Een halve eeuw na de start van het werk op het gebied van exoskeletten zijn de eerste monsters van deze apparatuur klaar om volwaardig aan het werk te gaan. Lockheed Martin pochte onlangs dat zijn HULC-project (Human Universal Load Carrier) niet alleen in de praktijk is getest met het Pentagon, maar ook klaar is voor serieproductie. Het exoskelet HULC is nu "ademend in de rug" door verschillende soortgelijke projecten van andere bedrijven. Maar zo'n overvloed aan ontwerpen was er niet altijd.

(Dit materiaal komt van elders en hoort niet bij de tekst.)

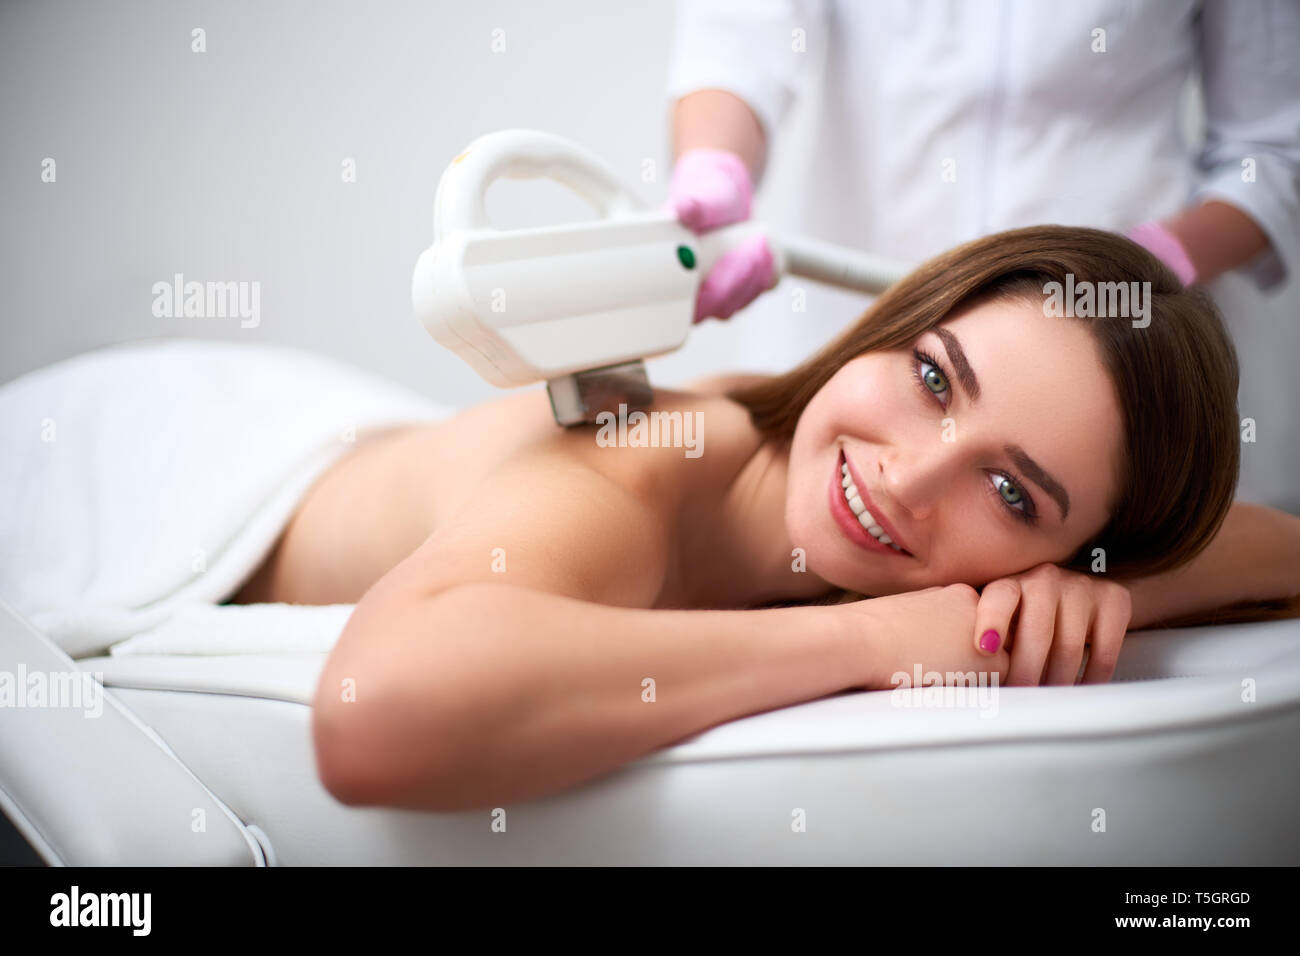 Jolie jeune femme souriante retour épilation au laser en instituts de beauté. Cosmetologist faire l'épilation traitement avec elos périphérique. Les mains dans les gants coiffeur Banque D'Images

Het idee om elk apparaat te maken dat door een persoon kan worden gedragen en zijn fysieke kwaliteiten aanzienlijk kan verbeteren, verscheen in de eerste helft van de vorige eeuw. Tot een bepaalde tijd was het echter gewoon een ander idee van sciencefictionschrijvers. Pas aan het eind van de jaren vijftig werd gestart met de ontwikkeling van een praktisch toepasbaar systeem. General Electric lanceerde onder auspiciën van het Amerikaanse leger een project genaamd Hardiman. De technische taak was gedurfd: het exoskelet van GE moest een persoon in staat stellen te werken met lasten tot anderhalve duizend pond (ongeveer 680 kilogram). Als het project met succes zou worden voltooid, zou het exoskelet van Hardiman grote perspectieven hebben. Het leger was dus van plan nieuwe technologie te gebruiken om het werk van wapensmeden in de luchtmacht te vergemakkelijken. Bovendien stonden nucleaire wetenschappers, bouwers en vertegenwoordigers van vele andere industrieën "in de rij". Maar zelfs tien jaar na de start van het programma zijn de ingenieurs van General Electric er niet in geslaagd om alles wat er werd bedacht in metaal te vertalen. Er werden verschillende prototypes gebouwd, waaronder een werkende mechanische arm. De enorme klauw van de Hardymen was hydraulisch aangedreven en kon 750 pond (ongeveer 340 kg) tillen. Op basis van één werkbare "handschoen" was het mogelijk om een tweede te maken. Maar de ontwerpers stonden voor een ander probleem. De mechanische "poten" van het exoskelet wilden niet goed werken. Het Hardiman-prototype met één arm en twee steunpoten woog nog geen 750 kilogram, terwijl de maximale ontwerpcapaciteit minder was dan zijn eigen gewicht. Vanwege dit gewicht en de eigenaardigheden van de centrering van het exoskelet, begon de hele constructie bij het optillen van de last vaak te trillen, wat leidde tot meerdere keren omvallen. Met bittere ironie noemden de auteurs van het project dit fenomeen "de mechanische dans van St. Vitus". Hoe hard de ontwerpers van General Electric ook vochten, ze slaagden er niet in om de uitlijning en trillingen het hoofd te bieden. Helemaal aan het begin van de jaren 70 werd het Hardiman-project gesloten.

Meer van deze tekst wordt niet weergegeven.